When a human leaves, SSO is revoked, licenses reclaimed, mailboxes archived. Clean handoff. Agents don’t get reclaimed. They keep running. They keep billing. They keep accessing data. So the question is simple.When the human leaves, who takes responsibility for the agent?
Organizations must define:
- Ownership for every agent – at registration
- Lifecycle management for agents
- Governance triggers when ownership changes
The new application rationalization – contract to inference rationalization
The second is we named on stage as contract-to-inference rationalization. The discipline of matching each inference to the right model and the right meter, priced against the contract you actually have. Not against a rate card. Not against a vendor pitch deck. Against the contract sitting in your repository today.
Benioff described the same practice in different words on the same podcast: “the vast majority of those tokens don’t need to go to Anthropic. There needs to be some intermediary layer that… can route it to the most affordable for the job.” And: “there’s going to be a hot new company that’s going to come along and say… I’m going to sit between you and Anthropic and OpenAI.”
He’s describing the discipline. He just isn’t naming it.
That naming matters, because this is what SaaS management was always supposed to do — verify you aren’t paying a dollar more, or a dollar less, than the workload actually needs. Across every vendor in your environment. Across every license tier and model available today. And re-verified as the market moves underneath you. That job didn’t disappear when the unit changed. It got harder.
We’ve solved a problem of this shape before. In 2014, cloud broke the contract. Finance saw the bill. Engineering owned the workload. Neither side saw the other’s half. We didn’t fix that with a tool. We built FinOps — a cultural reset, a shared vocabulary, a new operating model. The tools followed the thinking. They had to.
Same shape now. Six functions at the table instead of two: finance, engineering, security, legal, the business, vendor management. Four meters running at once. No shared vocabulary yet. The vocabulary comes first. The tools follow.
How can I manage SaaS in an AI-first world?
Here are some recommended first steps to start managing SaaS and AI.
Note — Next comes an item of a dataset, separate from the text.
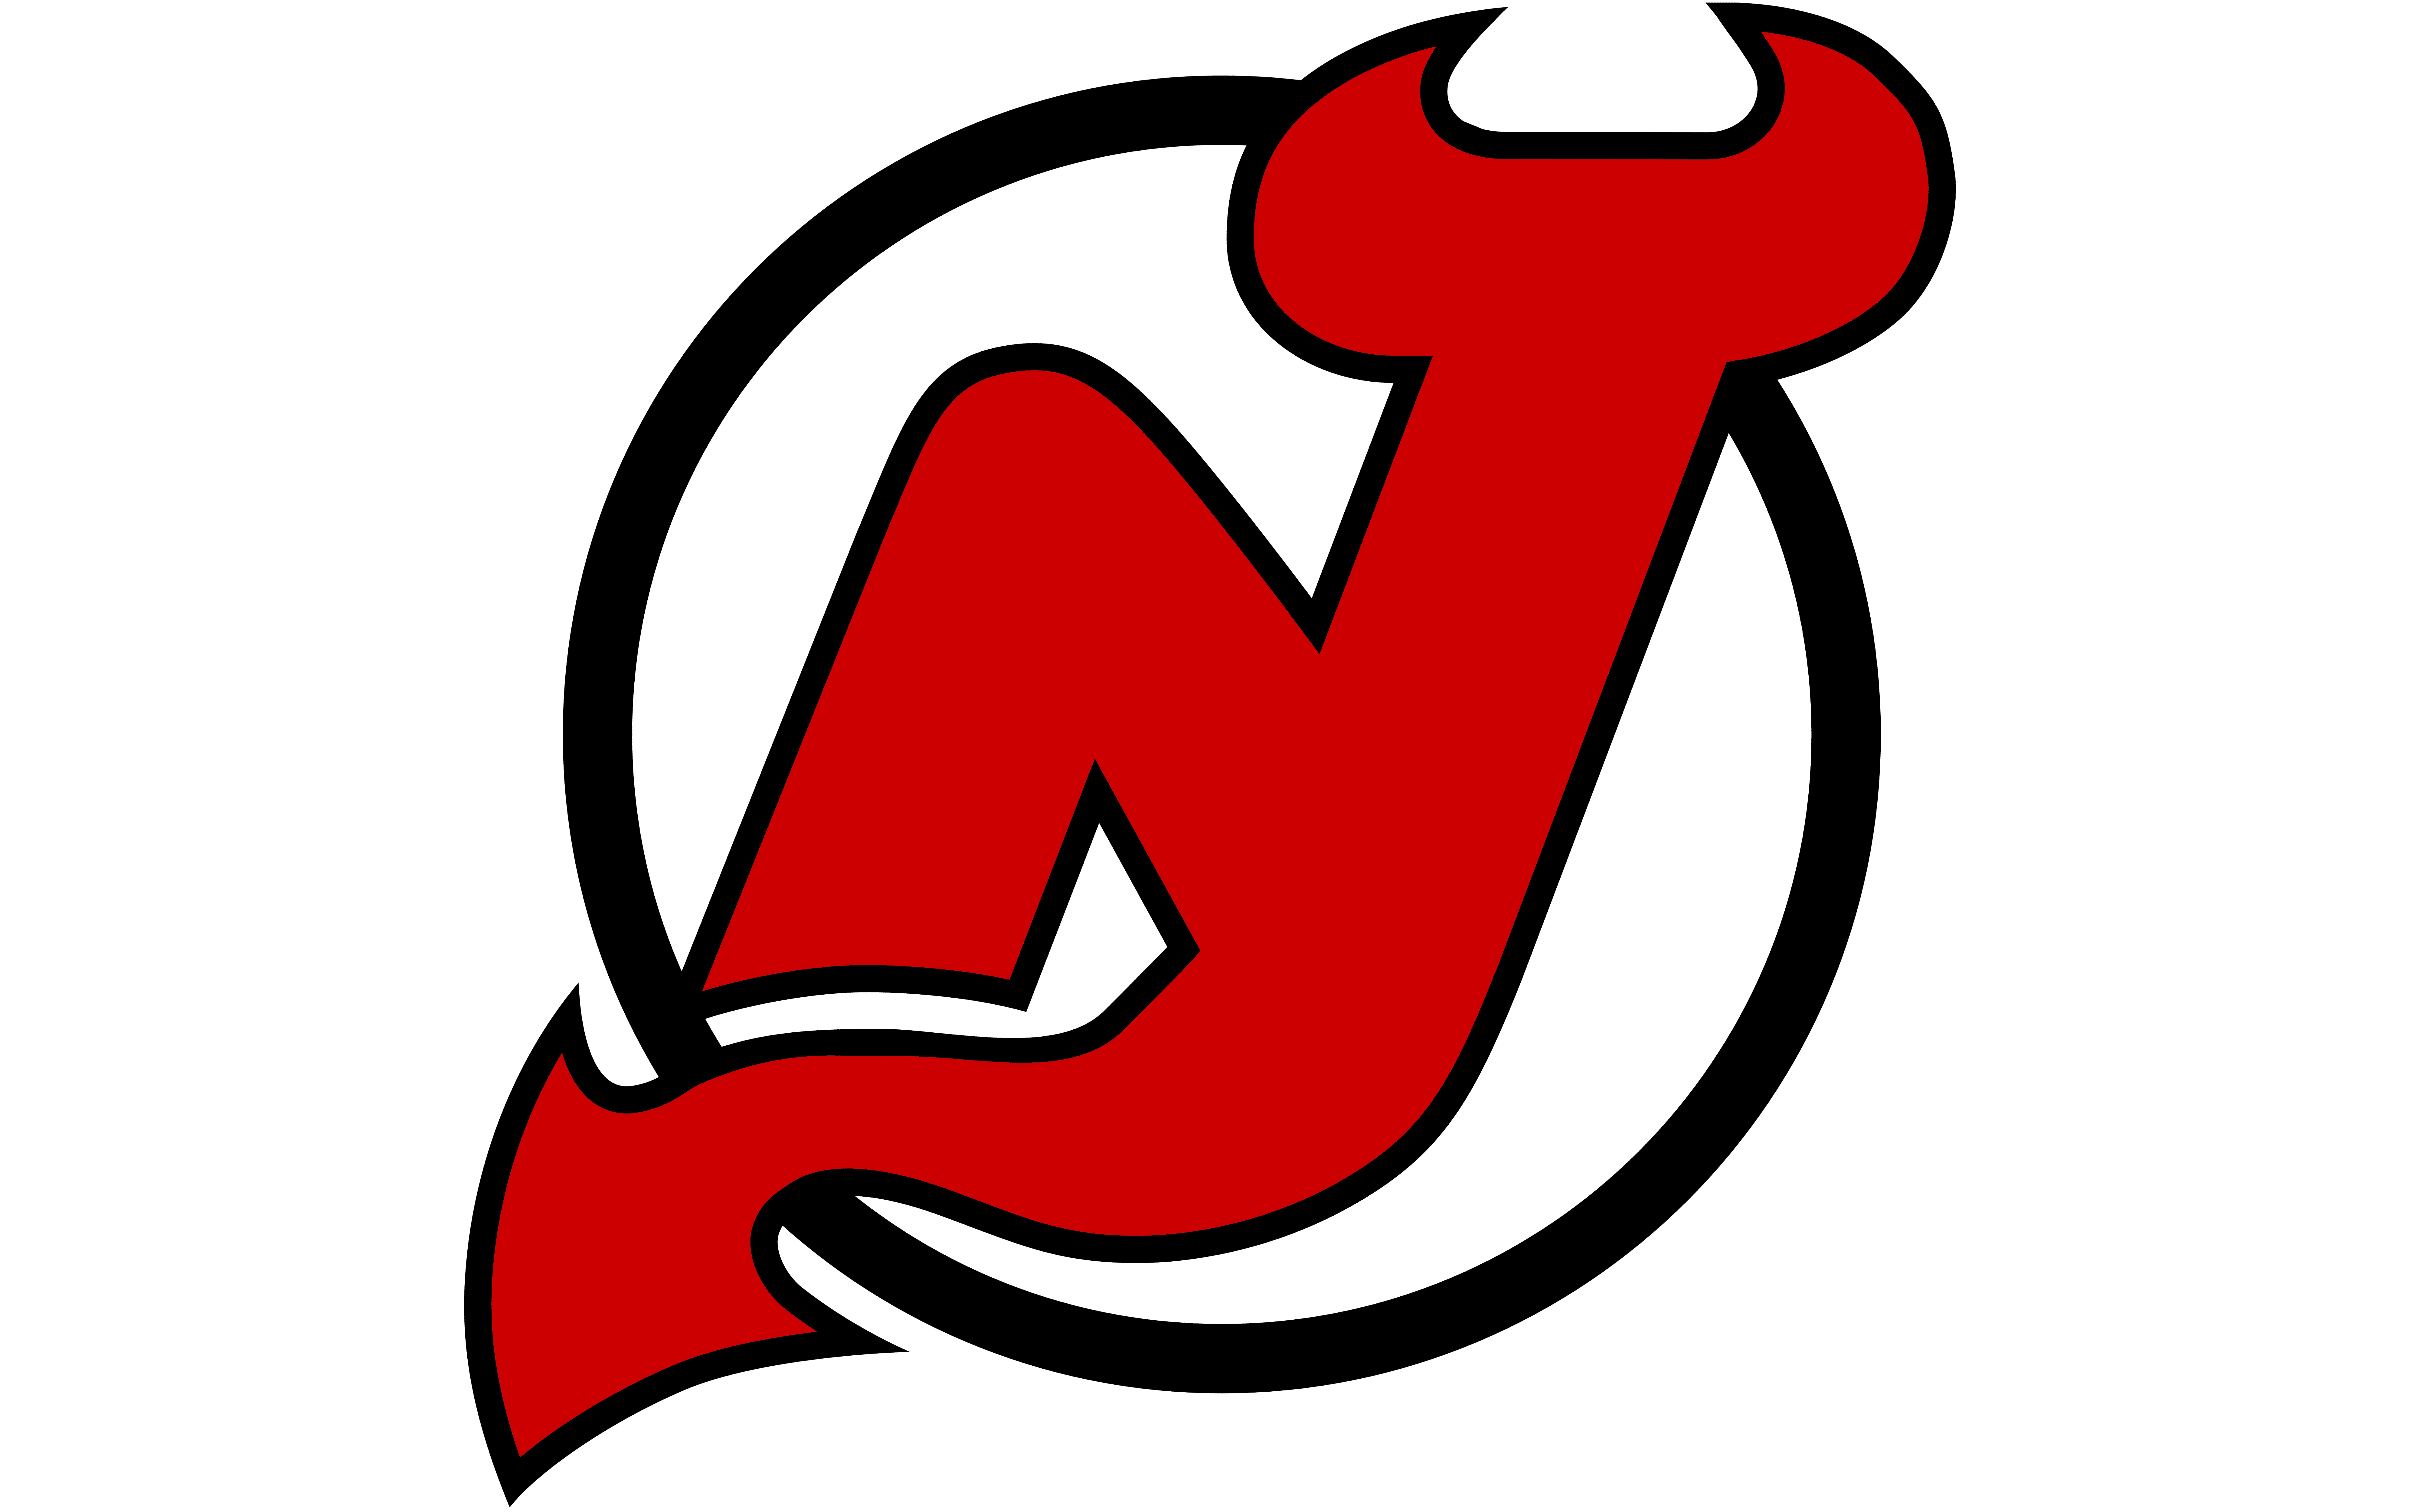 Devils logo idea | Logos, Game logo design, Sports logo inspiration

- Unify your SaaS data: Most SaaS/AI apps are accessed via a browser. Leverage broad discovery capabilities such as a browser extension or CASB to get an idea of what is used in your organization. For example, if you’ve decided to standardize on Microsoft Copilot and others are using Claude, this is a way to find out how widespread use is of a non-standard app and dig in further into vendor portals or use your SaaS management platform’s API connectors to dig into the details. In addition to identifying use, it’s important to understand your SaaS contract and align that to use to find potential issues with overages.
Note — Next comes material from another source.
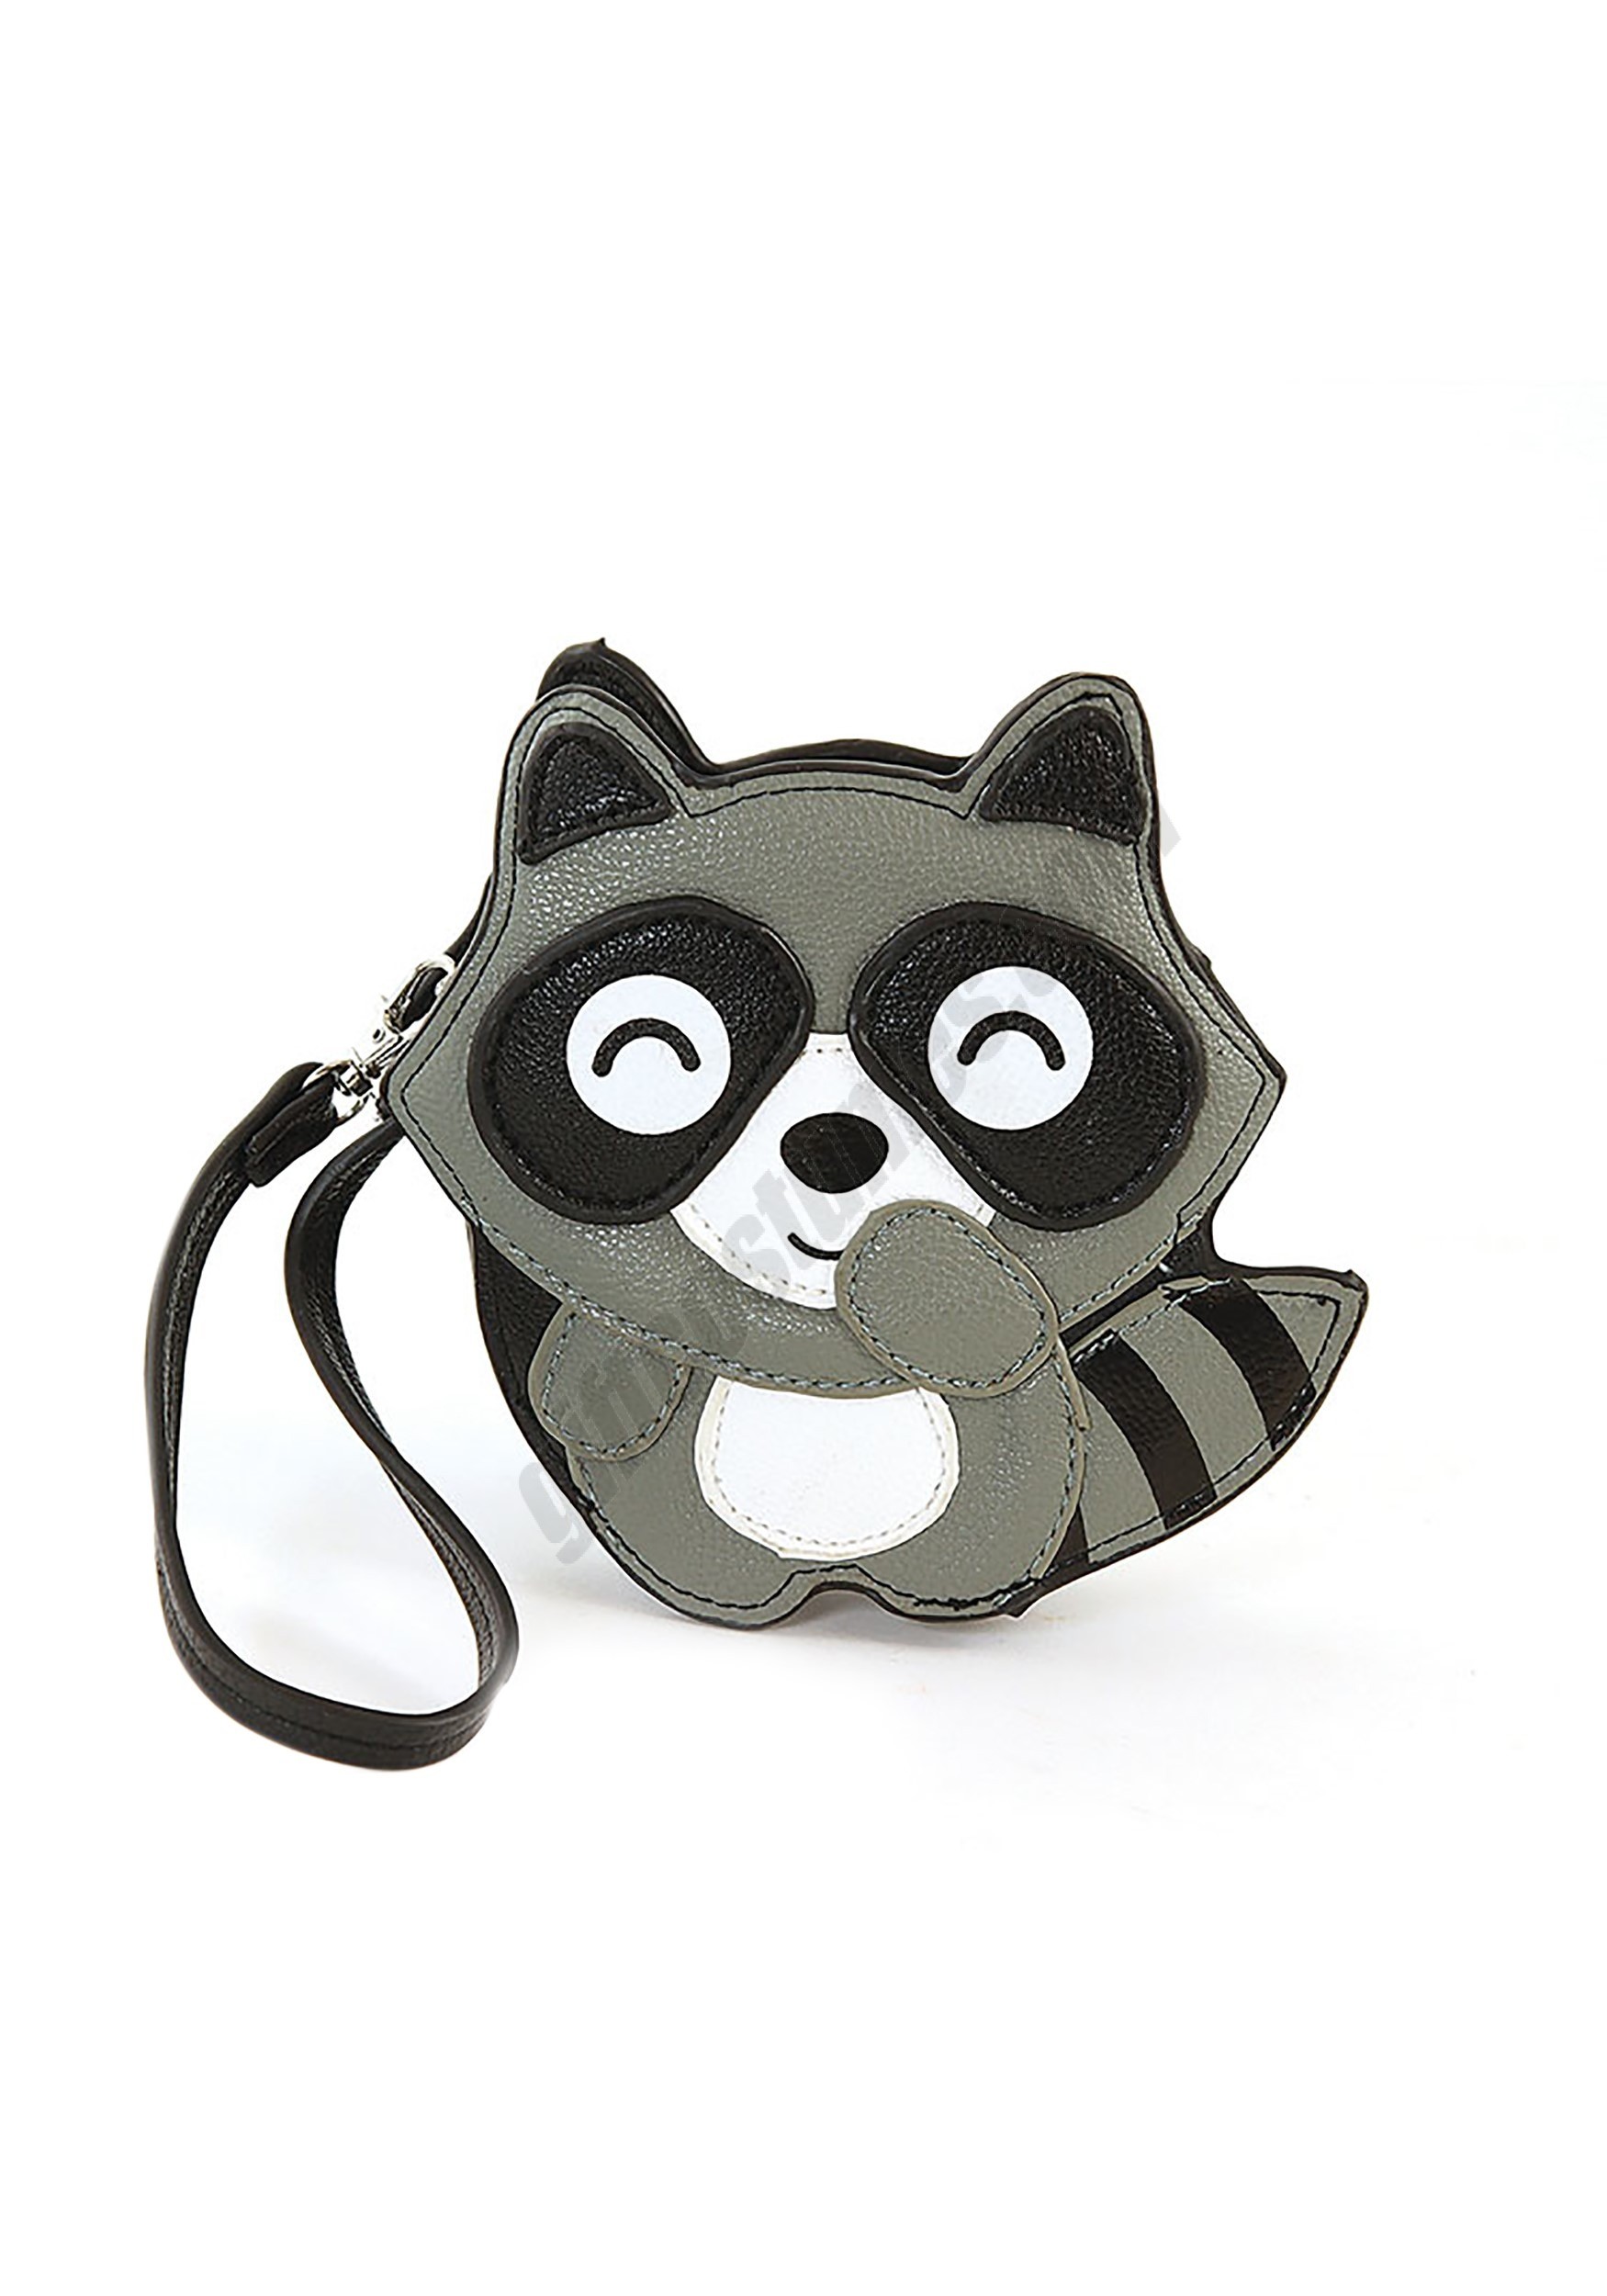 Raccoon Wristlet Bag Promotions - Raccoon Wristlet Bag Promotions

- Align your team ownership structure: If everyone is managing SaaS, is anyone looking after the entire program? Identify all the SaaS used in your organization, where the billing is coming in (direct, via cloud bill, etc.), identifythe app owner and the data and processes used to keep costs in check. Get clarity on who is responsible for identifying shadow SaaS/AI and making rationalization decisions across the organization.
- Develop a continuous discipline: The constant of managing SaaS and AI is the way you do it today is not the way you will do it tomorrow. Build change into your processes and policies. Build in automation where possible and consider allocating more time to application rationalization/build vs buy decisions.